### Action item
Below, some lines carry pictures; leave those pictures out and retype exactly the lines from the one with "Draufsicht der weiblichen" through the one with "ROUEN antique town".

### Data records
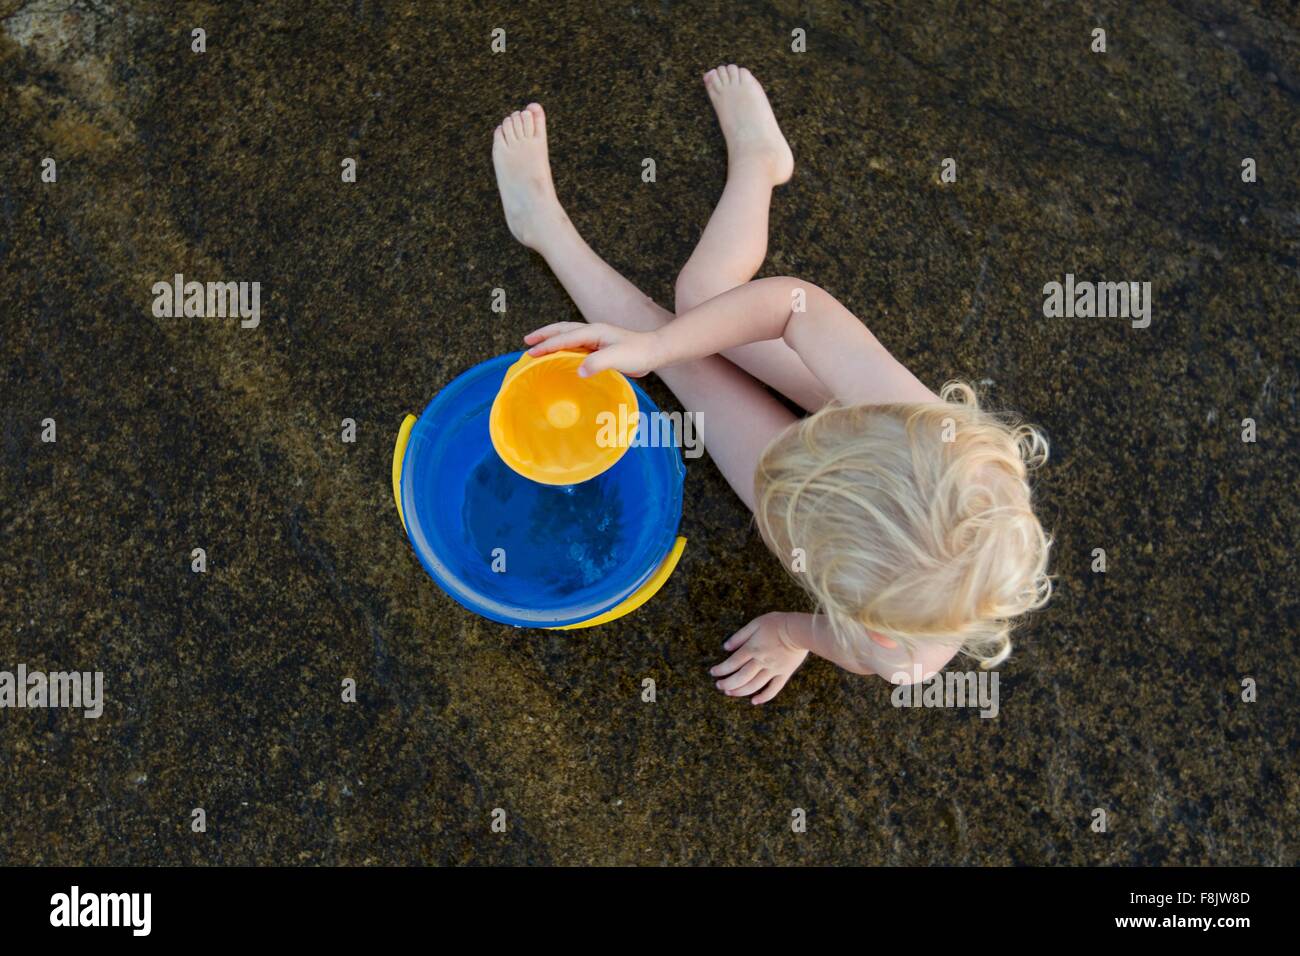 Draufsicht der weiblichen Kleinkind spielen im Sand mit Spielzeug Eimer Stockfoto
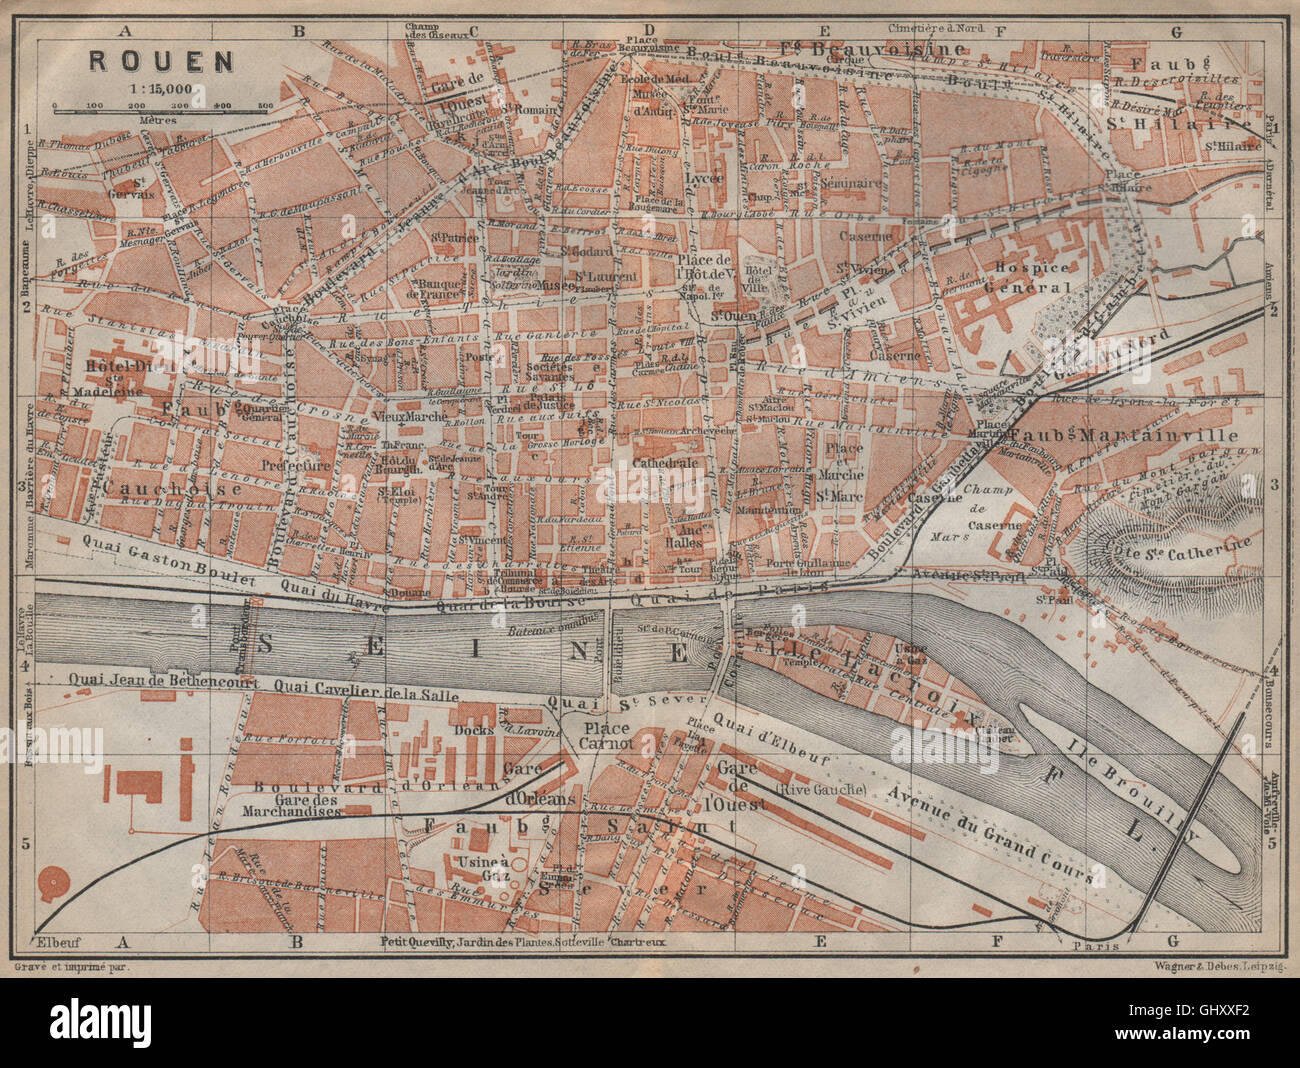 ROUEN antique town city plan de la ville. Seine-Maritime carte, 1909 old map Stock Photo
--
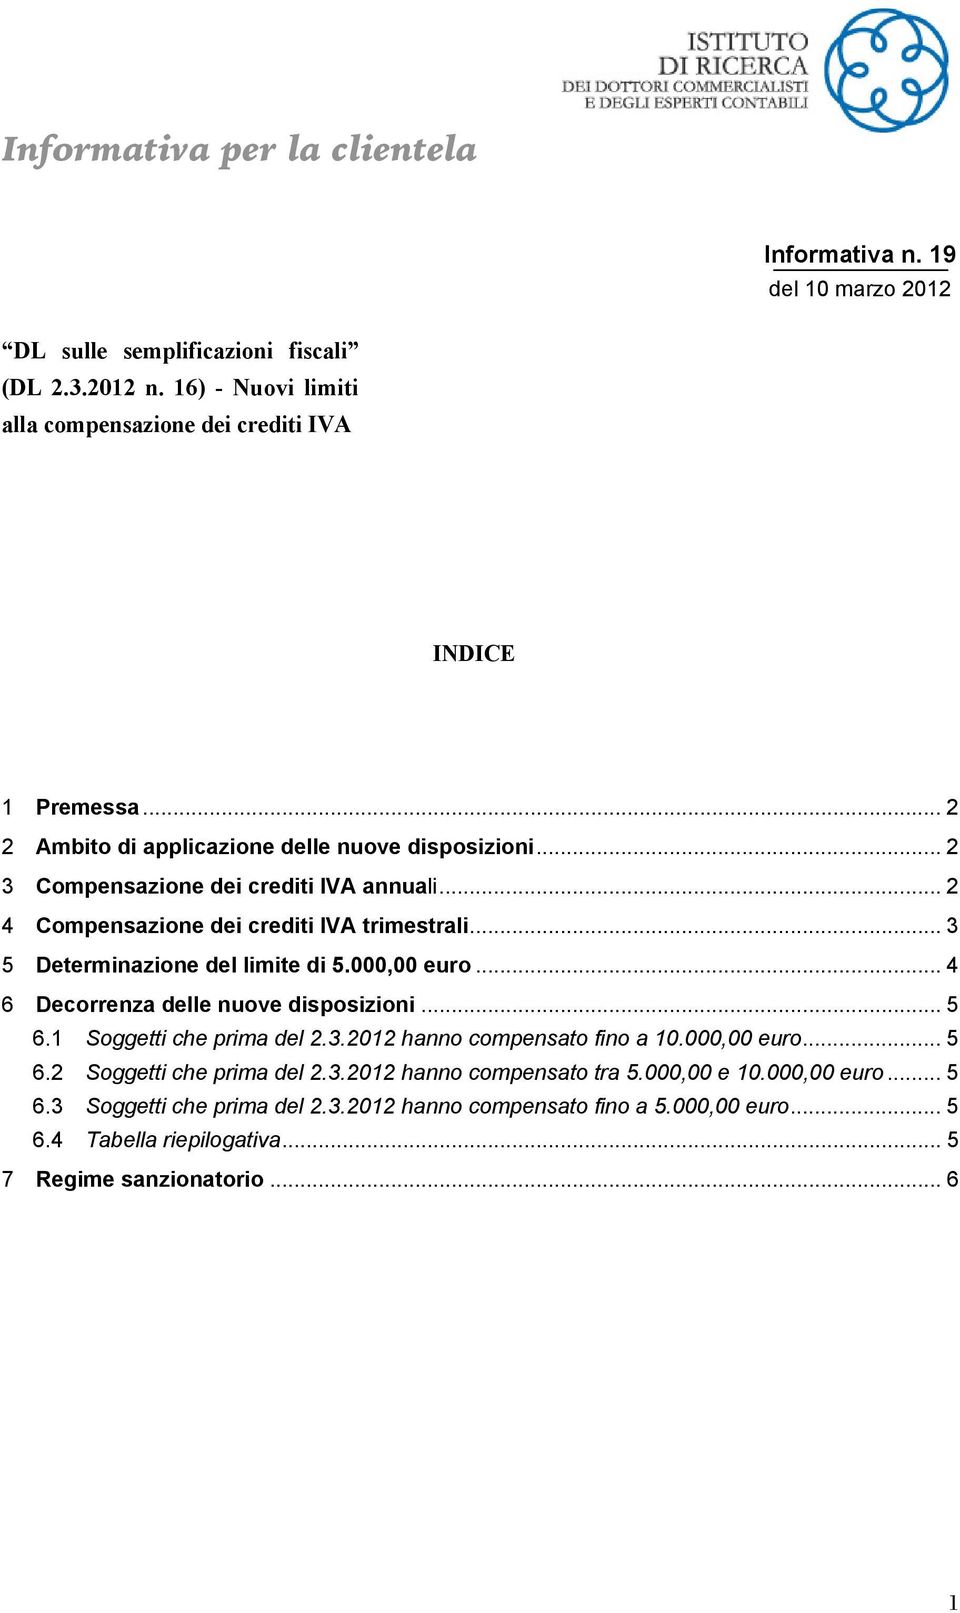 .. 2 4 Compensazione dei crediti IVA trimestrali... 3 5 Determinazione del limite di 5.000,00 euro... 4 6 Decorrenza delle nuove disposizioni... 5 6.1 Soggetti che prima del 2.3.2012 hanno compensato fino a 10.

### Expected answer
 Draufsicht der weiblichen Kleinkind spielen im Sand mit Spielzeug Eimer Stockfoto
 ROUEN antique town city plan de la ville. Seine-Maritime carte, 1909 old map Stock Photo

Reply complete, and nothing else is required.